(Data extracted from a collection)
-.-.-
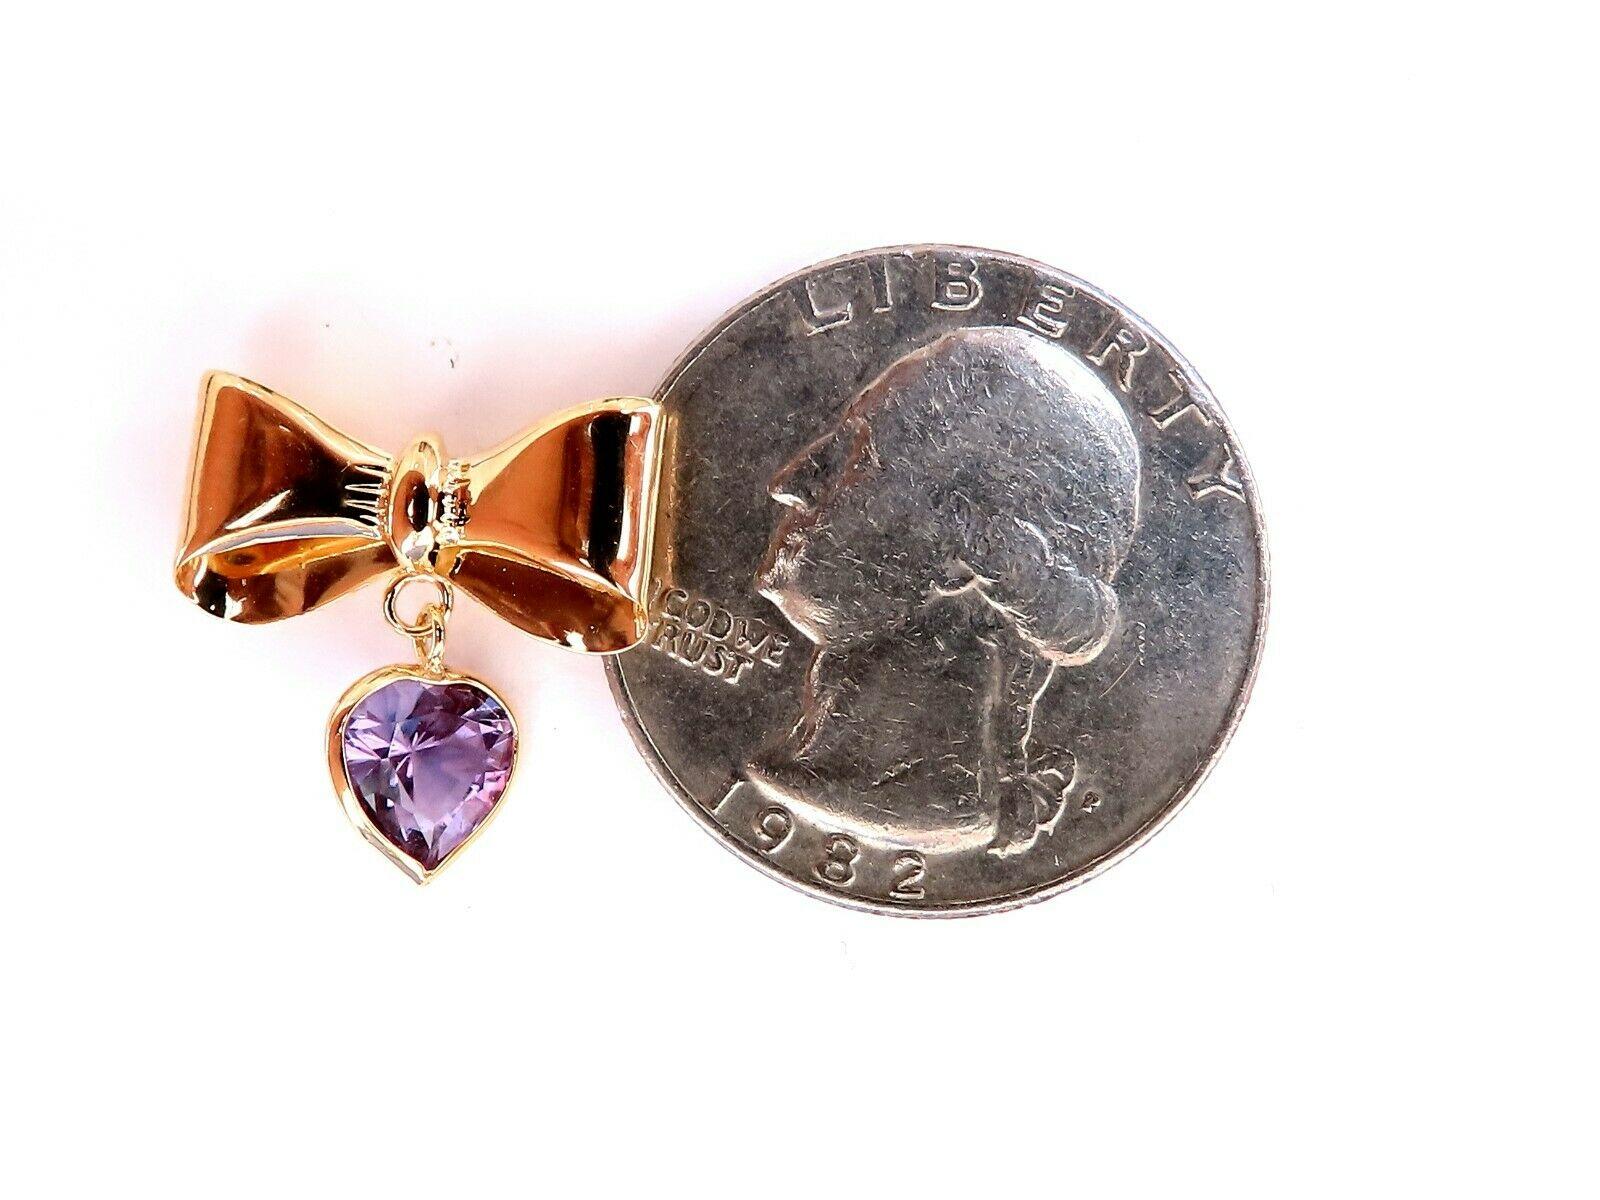 Natural Vivid Purple Amethyst Ribbon Earrings.

2ct natural vivid purple amethyst.

6x6mm each

14 karat yellow gold 1.8 grams

Overall earrings: 17 x17mm

Depth: 4mm
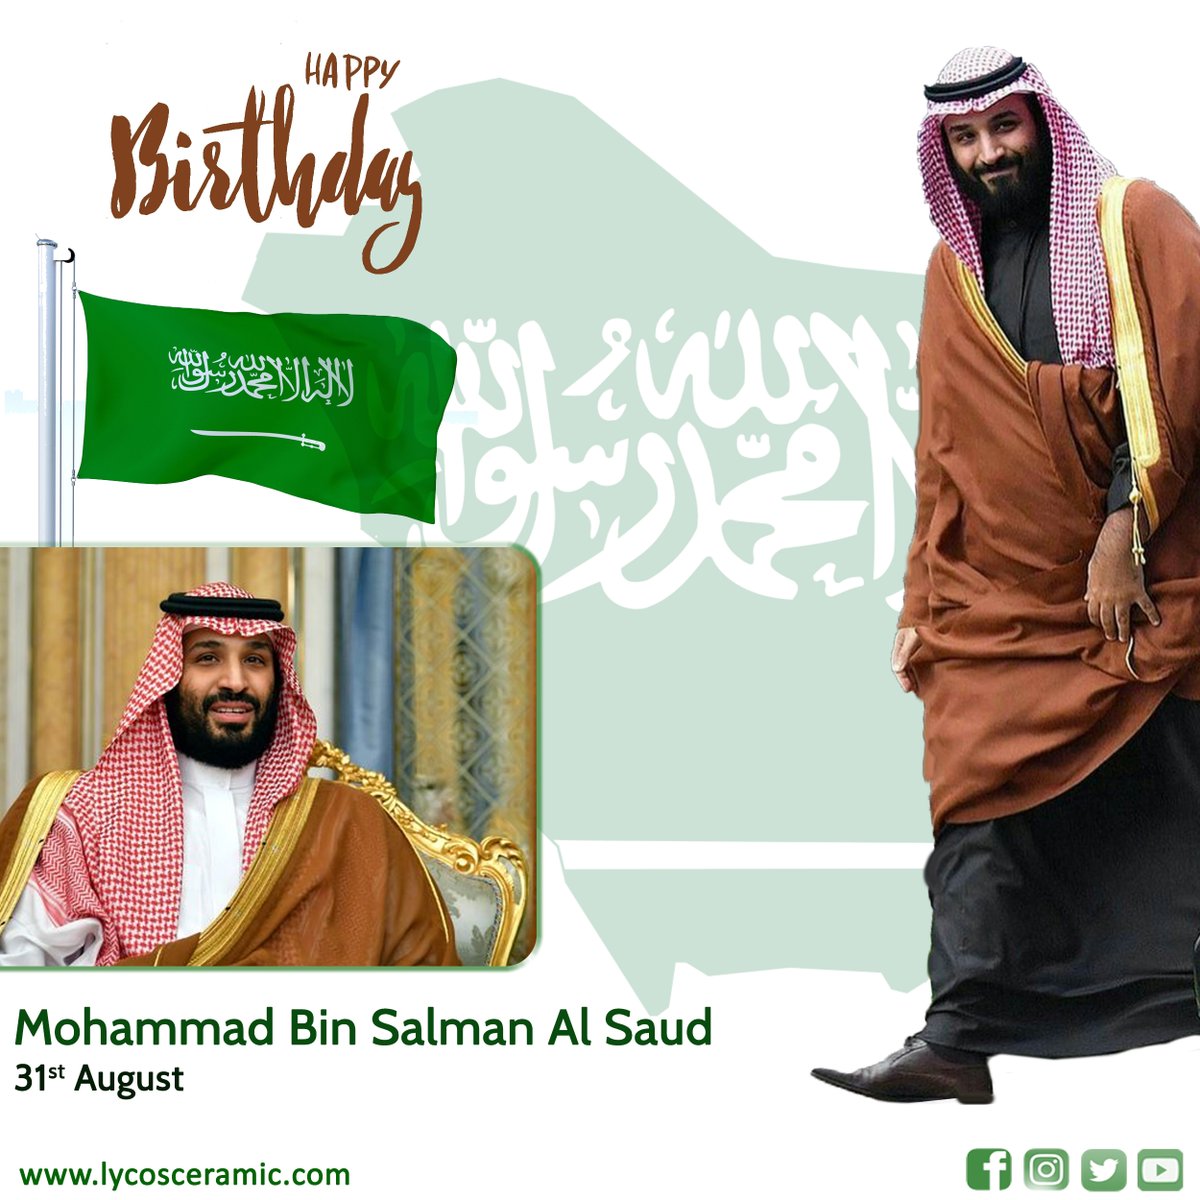 Happy Birthday to Crown Prince of Saudi Arabia Mr. Mohammad Bin Salman Al Saud
lycosceramic.com
.
.
#CrownPrinceofSaudiArabia
#MohammadBinSalmanAlSaud #HappyBirthdayMohammadBinSalmanAlSaud #MohammadBinSalmanAlSaudBirthday #LycosCeramic #Lycos
-.-.-
EXERCISE PROMPT: Only the lines from the one with "14 karat yellow gold 1.8 grams" through the last line above belong in the answer. Reproduce them exactly, without the pictures.

SOLUTION FOR THIS TASK:
14 karat yellow gold 1.8 grams

Overall earrings: 17 x17mm

Depth: 4mm
 Happy Birthday to Crown Prince of Saudi Arabia Mr. Mohammad Bin Salman Al Saud
lycosceramic.com
.
.
#CrownPrinceofSaudiArabia
#MohammadBinSalmanAlSaud #HappyBirthdayMohammadBinSalmanAlSaud #MohammadBinSalmanAlSaudBirthday #LycosCeramic #Lycos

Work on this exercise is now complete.